And so in the instance which suggested these reflections, all this eager study of unmeaning curves (if there be anything in the starry universe quite unmeaning) was leading gradually, but directly, to the discovery of the most wonderful of all mathematical instruments, the Calculus preëminently. In the quadrature of curves, the method of exhaustions was most ancient,—whereby similar circumscribed and inscribed polygons, by continually increasing the number of their sides, were made to approach the curve until the space contained between them was exhausted, or reduced to an inappreciable quantity. The sides of the polygons, it was evident, must then be infinitely small. Yet the polygons and curves were always regarded as distinct lines, differing inappreciably, but different. The careful study of the period to which we refer led to a new discovery, that every curve may be considered as composed of infinitely small straight lines. For, by the definition which assigns to a point position without extension, there can be no tangency of points without coincidence. In the circumference of the circle, then, no two of the points equidistant from the centre can touch each other; and the circumference must be made up of infinite all rectilineal sides joining these points.
A clear conception of this fact led almost immediately to the Method of Tangents of Fermat and Barrow; and this again is the stepping-stone to the Differential Calculus,—itself a particular application of that instrument. Dr. Barrow regarded the tangent as merely the prolongation of any one of these infinitely small sides, and demonstrated the relations of these sides to the curve and its ordinates.

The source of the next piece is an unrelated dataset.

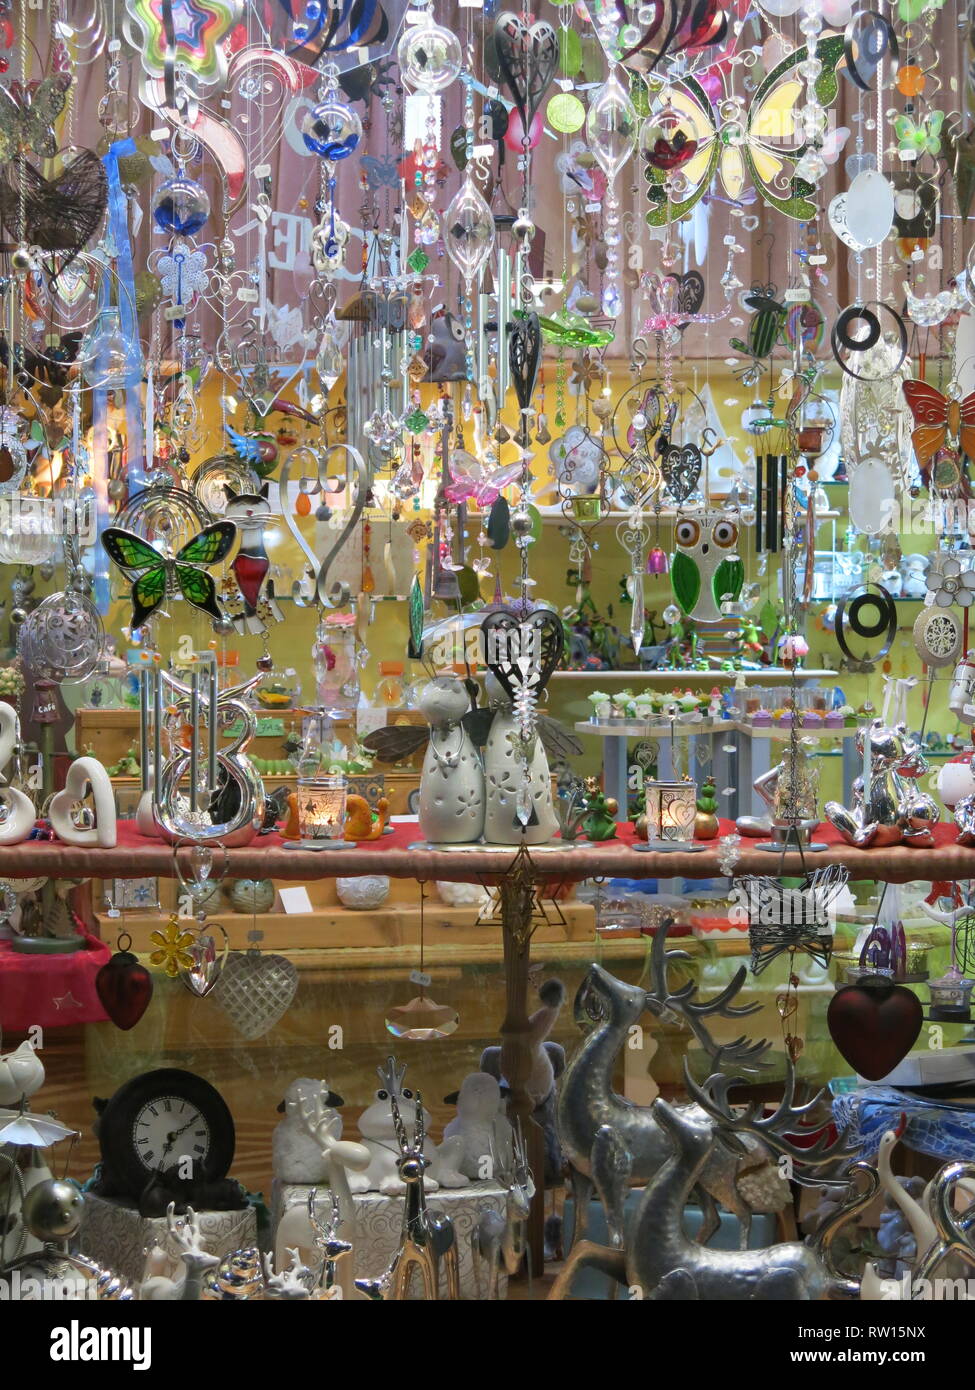 Vetrina di un negozio tipico per i turisti a Lanzarote con schermi di pretty ornamenti, angeli di vetro, windchimes, Cellulari & Farfalle; Foto Stock

His work, entitled "Lectiones Geometricae," appeared in 1669. To his high abilities was united a simplicity of character almost sublime. "Tu, autem, Domine, quantus es geometra!" was written on the title-page of his Apollonius; and in the last hour he expressed his joy, that now, in the bosom of God, he should arrive at the solution of many problems of the highest interest, without pain or weariness. The comment of the French historian conveys a sly sarcasm on the Encyclopedists:—"On voit au reste, par-là, que Barrow étoit un pauvre philosophe; car il croiroit en l'immortalité de l'âme, et une Divinité, autre que la nature universelle."[A]
[Footnote A: MONTUCLA. Hist. des Math. Part iv. liv. 1.]